Under fire for their lack of scrutiny over the collateralisation of United States mortgages, Standard & Poor's, Moody's and Fitch Ratings have been quick off the mark when it comes to downgrading the creditworthiness of debt-stricken countries.
Share prices fell yesterday in the Asia-Pacific region, on fears possible credit ratings of several European countries would derail progress in the euro zone.
The New Zealand dollar is forecast to rise this week, on the back of increasing economic growth and as a counterpoint to the looming threat of further downgrades in Europe.
Fitch warned it might downgrade France and six other euro zone countries, saying a comprehensive solution to the region's debt crisis was "technically and politically beyond reach".

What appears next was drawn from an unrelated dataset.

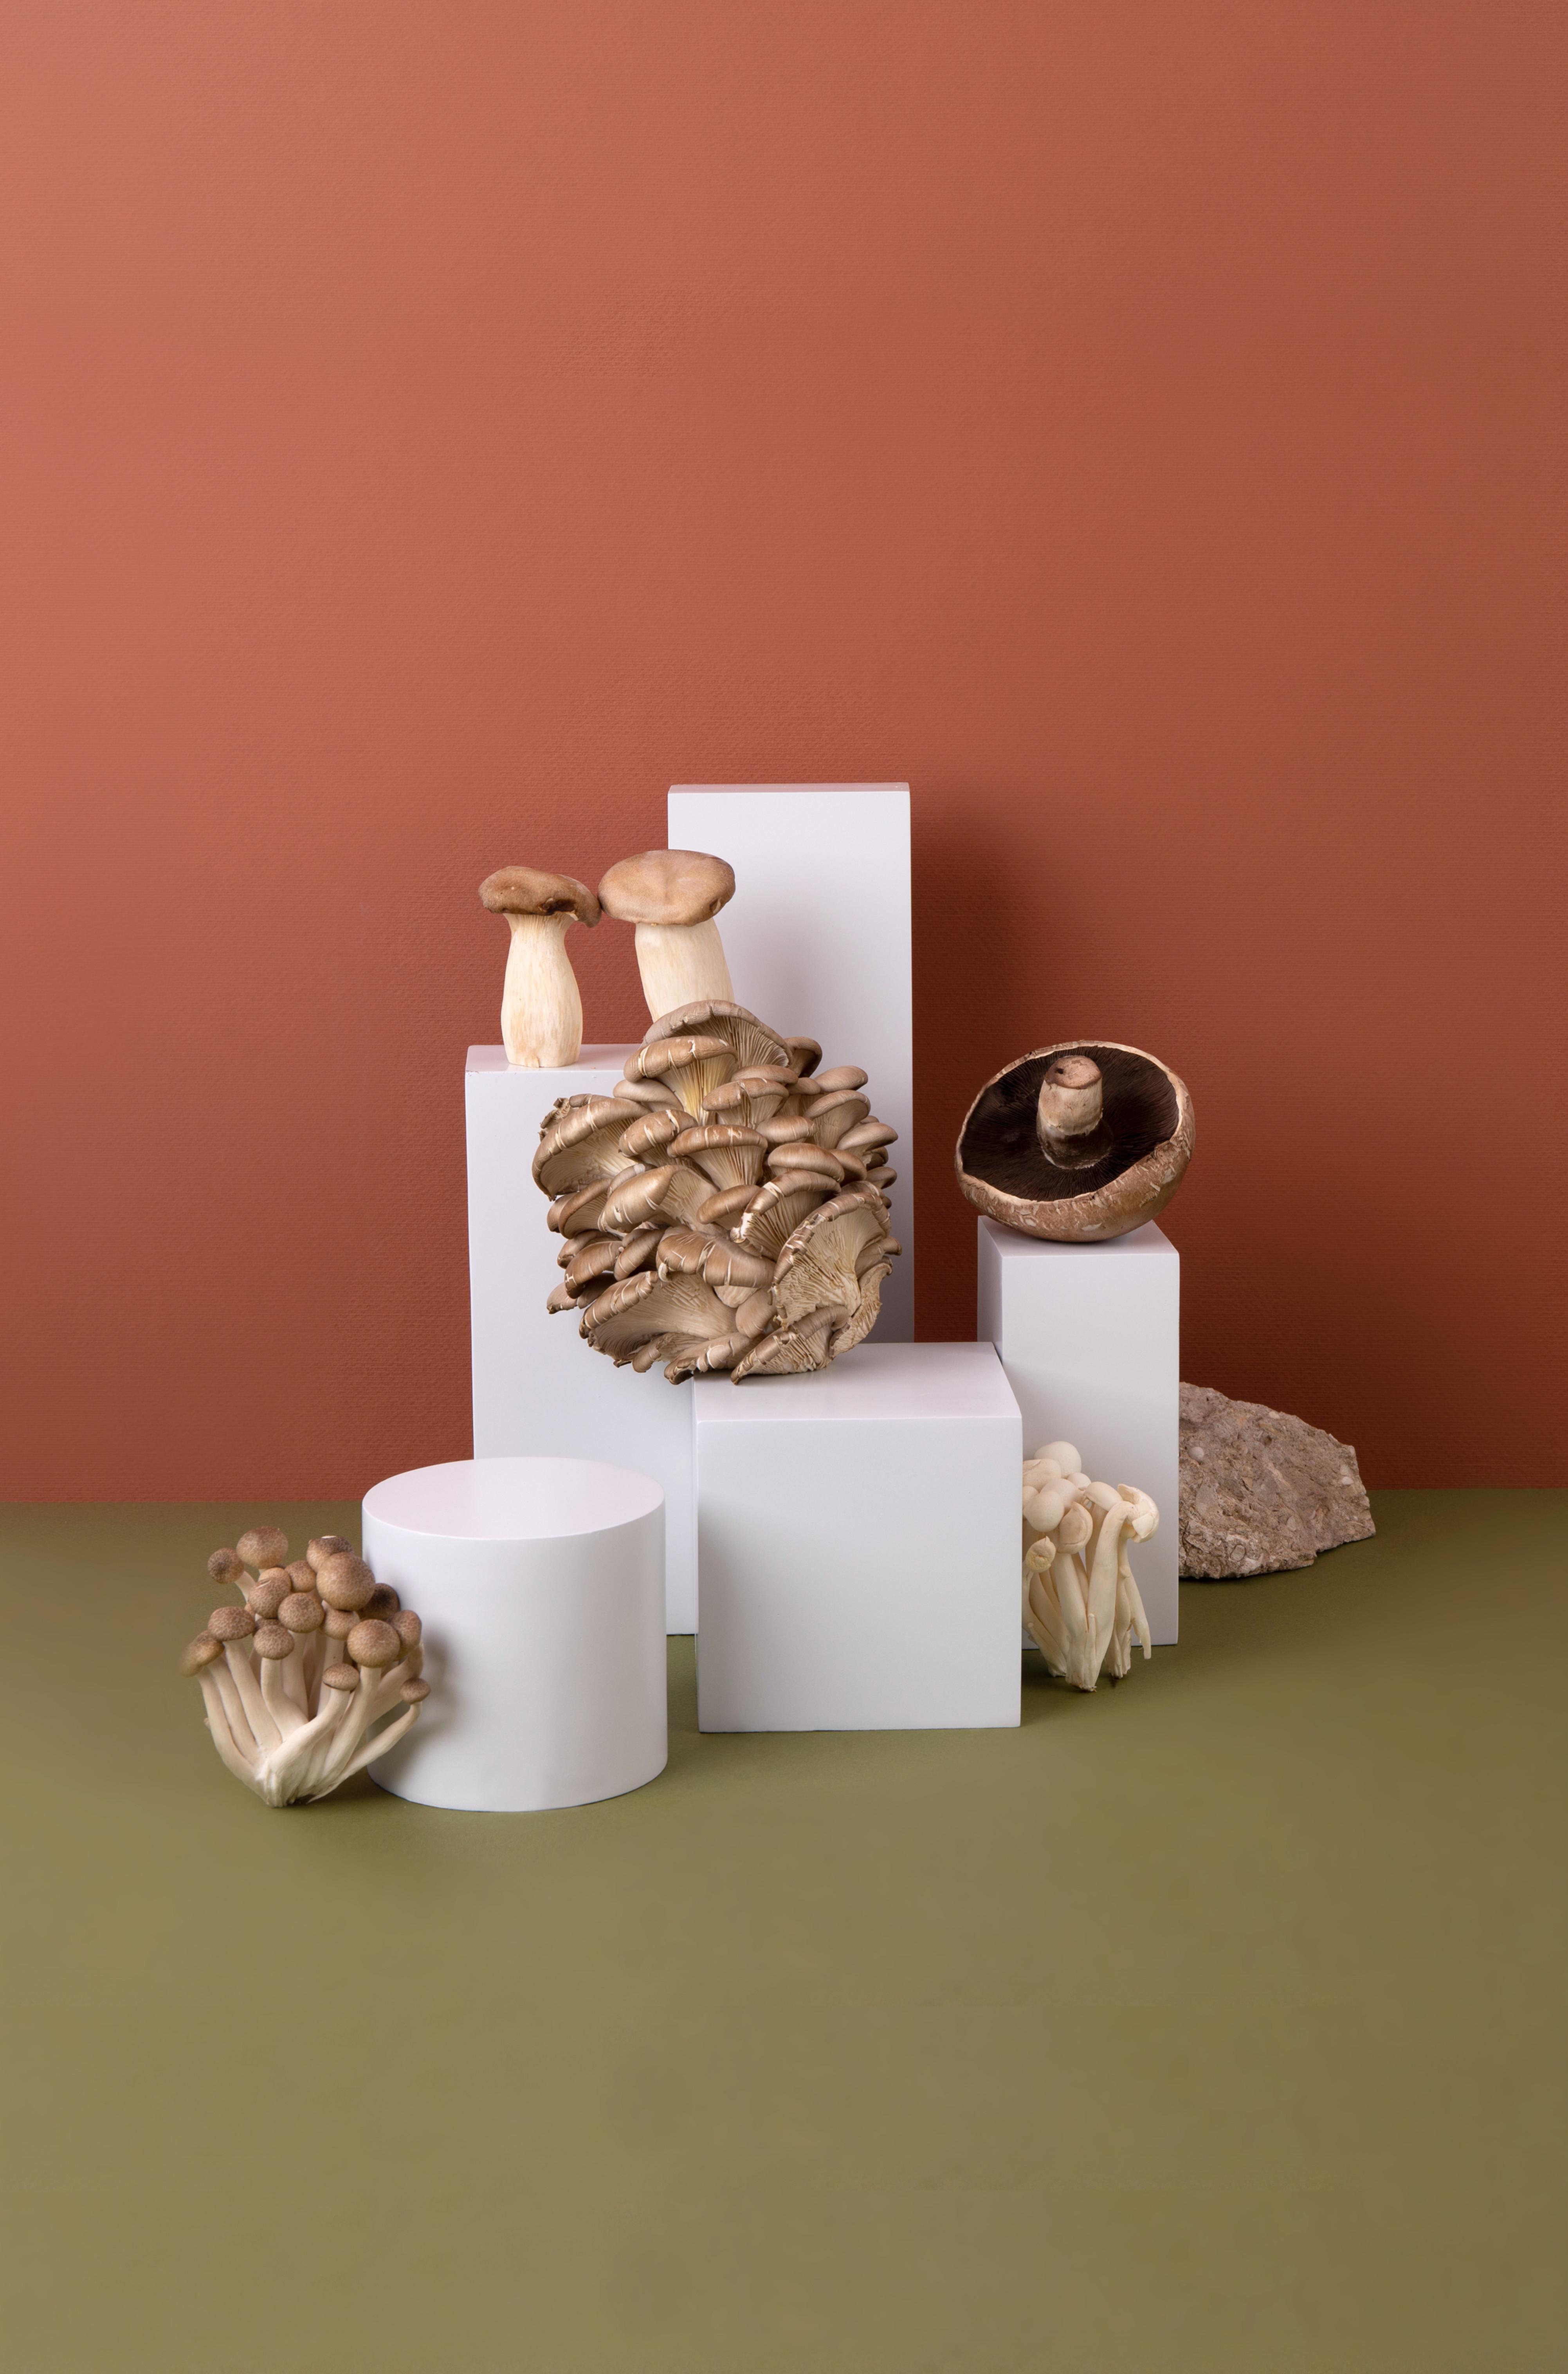 Growing Mushrooms Workshop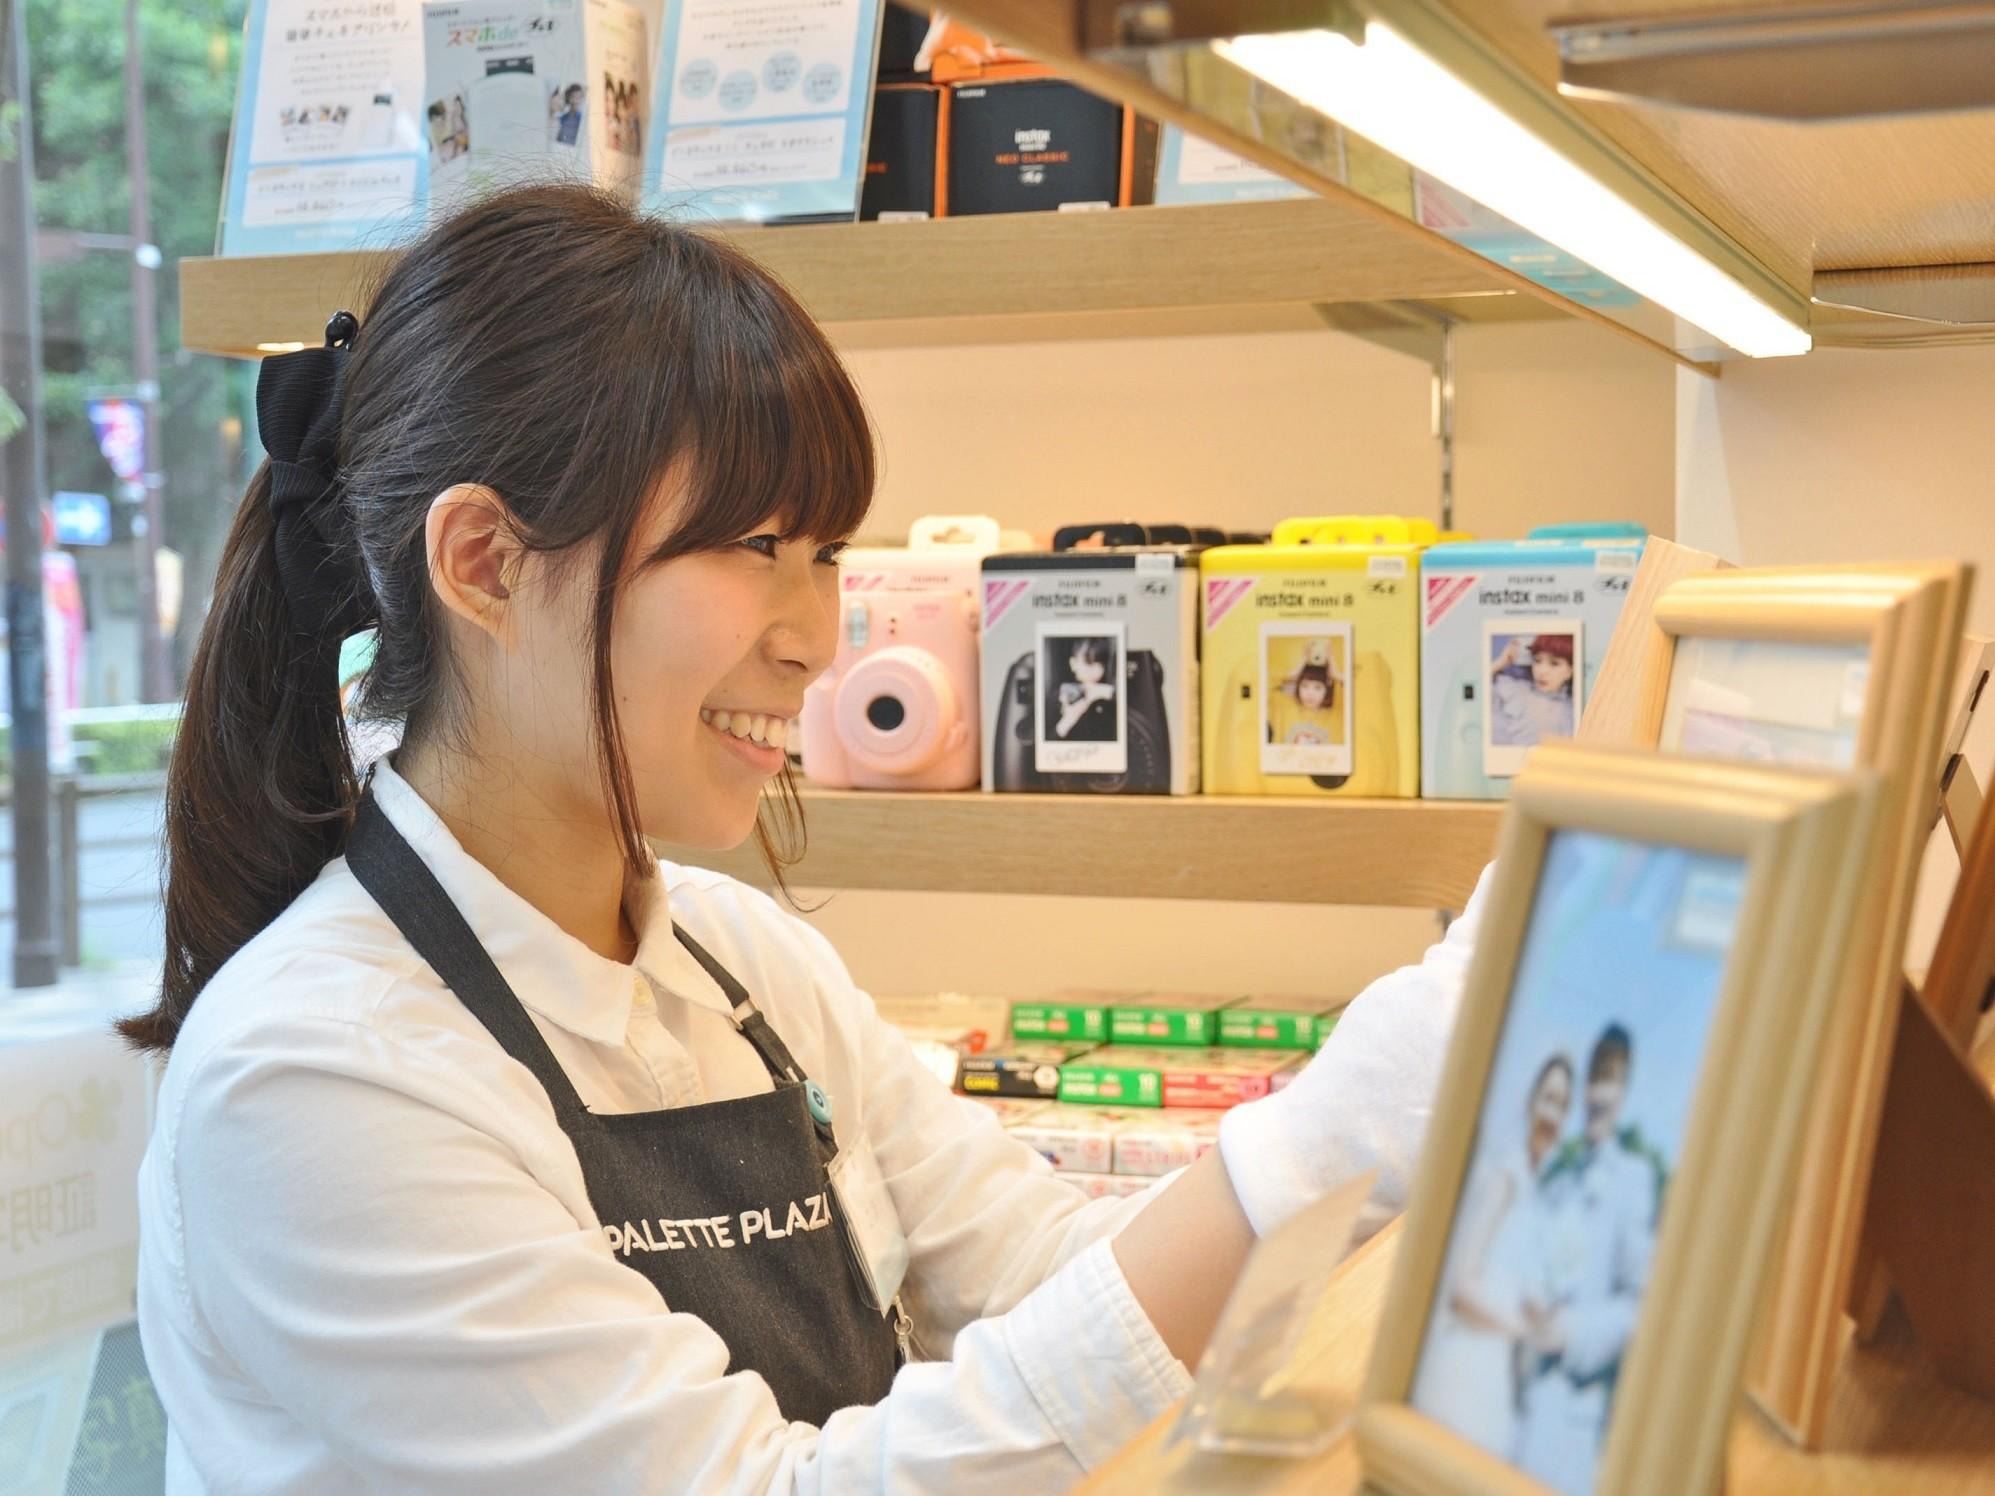 パレットプラザ イオンモール筑紫野店 のアルバイト情報

Fitch revised the outlook on France's top-notch rating to negative, saying the downgrade was not imminent but could come in two years.
For Belgium, Cyprus, Ireland, Italy, Slovenia and Spain, a downgrade could come much sooner. Those nations were placed on credit watch negative, which traditionally signalled the possibility of a downgrade within three months, at most.
Craigs Investment Partners broker Chris Timms said yesterday rating agencies were setting the tone. Investors and banks were looking to the agencies to confirm or validate what they were already thinking about certain countries.
"The rating agencies are providing that independent view investors are seeking. In terms of influence, the agencies are pretty sizeable."
French President Nicolas Sarkozy had said that the possible downgrade of France was a bit of a concern but was not a "big thing", Mr Timms said.
However, people saw a downgrade as a loss of face. That had shown itself when the New Zealand economy had been downgraded.
The rating agencies had attracted much criticism over their handling of the mortgage-fuelled US financial crisis, he said.
Now, they were trying to ensure they were seen to be reacting quickly to any bad news and were taking a more cautious view of economic developments.
"They don't want to go through being accused of thinking something but not saying it. The agencies are definitely being more vocal and that could be because the media is picking up the announcements earlier or the agencies are becoming more proactive."
A downgrade of sovereign debt, the amount owned by a country, meant the government of the day had to pay higher interest rates to borrow. In terms of a percentage figure, it could be quite small. But in dollar terms, it could be significant, Mr Timms said.